Table 1: DAS response codes
200 OK, data follows
400 Bad command (command not recognized)
401 Bad data source (data source unknown)
402 Bad command arguments (arguments invalid)
403 Bad reference object (reference sequence unknown)
404 Bad stylesheet (requested stylesheet unknown)
405 Coordinate error (sequence coordinate is out of bounds/invalid)
500 Server error, not otherwise specified
501 Unimplemented feature

The HTTP/1.0 protocol allows web clients to request byte-level compression of the response by sending the HTTP header Accept-Encoding header. Web servers that are capable of it can reply with a Content-transfer-encoding header and a compressed body. Implementors of DAS clients and servers may wish to implement this HTTP feature.

New in version 1.5
The X-Das-Capabilities header provides an extensible list of the capabilities that the server provides. This can be used by those writing experimental extensions to DAS to flag clients that those extensions are available. Capabilities have the form CapabilityName/Version and are separated by semicolon, space, as in "capabilityA/1.0; capabilityB/1.4; capabilityC/1.0". The following standard capabilities are present in the DAS/1.5 protocol:
Capability Name Description
dsn/1.0 The server supports the basic dsn request.
dna/1.0 The server supports the basic dna request.
types/1.0 The server supports the basic types request.
stylesheet/1.0 The server supports the basic stylesheet request.

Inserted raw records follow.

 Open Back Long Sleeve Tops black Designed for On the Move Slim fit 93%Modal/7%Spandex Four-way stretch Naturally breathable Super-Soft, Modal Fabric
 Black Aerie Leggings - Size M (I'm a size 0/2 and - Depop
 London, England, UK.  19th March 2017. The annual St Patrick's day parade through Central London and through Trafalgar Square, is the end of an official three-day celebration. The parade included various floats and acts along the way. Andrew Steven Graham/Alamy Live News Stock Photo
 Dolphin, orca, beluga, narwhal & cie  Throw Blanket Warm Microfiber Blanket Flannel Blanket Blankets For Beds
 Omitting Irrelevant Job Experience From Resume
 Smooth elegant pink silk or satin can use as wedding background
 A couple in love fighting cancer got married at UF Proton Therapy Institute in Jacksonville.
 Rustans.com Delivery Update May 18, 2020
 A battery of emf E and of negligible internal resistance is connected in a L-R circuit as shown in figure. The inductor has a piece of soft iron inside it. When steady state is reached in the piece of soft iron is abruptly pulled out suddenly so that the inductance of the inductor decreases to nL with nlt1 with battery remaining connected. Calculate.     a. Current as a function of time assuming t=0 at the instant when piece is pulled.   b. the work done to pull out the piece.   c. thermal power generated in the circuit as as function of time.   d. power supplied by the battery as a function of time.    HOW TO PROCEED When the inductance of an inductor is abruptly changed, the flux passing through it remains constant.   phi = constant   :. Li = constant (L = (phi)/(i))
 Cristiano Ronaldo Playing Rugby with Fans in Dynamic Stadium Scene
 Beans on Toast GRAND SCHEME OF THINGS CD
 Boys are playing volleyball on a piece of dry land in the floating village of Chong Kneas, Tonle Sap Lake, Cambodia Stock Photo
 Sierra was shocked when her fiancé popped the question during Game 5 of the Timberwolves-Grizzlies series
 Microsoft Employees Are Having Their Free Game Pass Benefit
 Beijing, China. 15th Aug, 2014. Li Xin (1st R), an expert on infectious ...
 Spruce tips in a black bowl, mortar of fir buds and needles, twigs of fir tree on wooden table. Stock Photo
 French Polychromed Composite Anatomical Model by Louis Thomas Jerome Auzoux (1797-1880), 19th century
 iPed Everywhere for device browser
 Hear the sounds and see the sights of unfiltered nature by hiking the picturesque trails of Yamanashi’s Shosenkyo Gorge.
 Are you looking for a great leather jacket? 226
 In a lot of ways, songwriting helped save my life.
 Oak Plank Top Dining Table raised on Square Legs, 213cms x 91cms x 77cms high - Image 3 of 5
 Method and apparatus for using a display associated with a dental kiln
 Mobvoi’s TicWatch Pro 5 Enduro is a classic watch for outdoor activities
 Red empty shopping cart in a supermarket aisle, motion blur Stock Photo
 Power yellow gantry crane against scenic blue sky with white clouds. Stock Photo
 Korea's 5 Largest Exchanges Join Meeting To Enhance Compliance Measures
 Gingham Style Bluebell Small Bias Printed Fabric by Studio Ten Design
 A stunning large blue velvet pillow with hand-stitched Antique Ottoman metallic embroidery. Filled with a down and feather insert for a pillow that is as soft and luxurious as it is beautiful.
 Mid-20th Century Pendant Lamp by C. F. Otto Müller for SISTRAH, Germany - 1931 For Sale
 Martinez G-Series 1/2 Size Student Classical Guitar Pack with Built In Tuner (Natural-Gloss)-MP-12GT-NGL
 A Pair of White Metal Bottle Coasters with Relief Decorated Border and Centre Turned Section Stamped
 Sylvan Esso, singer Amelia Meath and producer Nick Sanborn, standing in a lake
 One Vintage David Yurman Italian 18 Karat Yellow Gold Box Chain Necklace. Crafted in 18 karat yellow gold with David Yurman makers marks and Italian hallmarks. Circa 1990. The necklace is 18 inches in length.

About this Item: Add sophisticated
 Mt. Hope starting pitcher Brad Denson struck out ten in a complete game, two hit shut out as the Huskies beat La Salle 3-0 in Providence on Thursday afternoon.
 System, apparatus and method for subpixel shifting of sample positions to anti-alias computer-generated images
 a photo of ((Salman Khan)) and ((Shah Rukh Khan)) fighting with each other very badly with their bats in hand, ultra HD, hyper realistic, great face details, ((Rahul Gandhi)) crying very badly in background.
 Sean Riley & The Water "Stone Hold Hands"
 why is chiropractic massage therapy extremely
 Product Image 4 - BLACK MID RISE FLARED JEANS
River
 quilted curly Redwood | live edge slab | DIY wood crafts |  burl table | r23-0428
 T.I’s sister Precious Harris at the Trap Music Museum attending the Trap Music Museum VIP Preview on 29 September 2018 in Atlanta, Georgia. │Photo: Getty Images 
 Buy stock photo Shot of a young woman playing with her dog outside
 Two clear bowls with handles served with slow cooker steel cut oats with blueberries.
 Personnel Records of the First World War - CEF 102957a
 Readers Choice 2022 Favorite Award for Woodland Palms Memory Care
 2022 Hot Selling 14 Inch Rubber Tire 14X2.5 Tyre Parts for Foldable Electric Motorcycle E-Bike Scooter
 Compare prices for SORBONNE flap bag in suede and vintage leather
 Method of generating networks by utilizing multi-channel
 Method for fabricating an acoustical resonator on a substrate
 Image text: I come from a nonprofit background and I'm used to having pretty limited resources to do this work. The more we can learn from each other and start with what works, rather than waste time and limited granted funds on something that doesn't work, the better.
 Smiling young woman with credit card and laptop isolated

features/1.0 The server supports the basic features request.
entry_points/1.0 The server supports the basic entry_points request.
error-segment/1.0 Server will report requests for invalid segments with an <ErrorSegment> response.
unknown-segment/1.0 Server will report requests for unknown or unannotated segments with an <UnknownSegment> response.
unknown-feature/1.0 Server will report requests for unknown features with an <UnknownFeature> response.
feature-by-id/1.0 The features request will accept the CGI parameter "feature_id", enabling the server to look up segment(s) based on the ID of a feature.
group-by-id/1.0 The features request will accept the CGI parameter "group_id", enabling the server to look up segment(s) based on the ID of a group.
component/1.0 The features request will return components of the indicated segment when a category type of "component" is requested.
supercomponent/1.0 The features request will return supercomponents of the indicated segment when a category type of "supercomponent" is requested.
sequence/1.0 The server supports the new sequence request.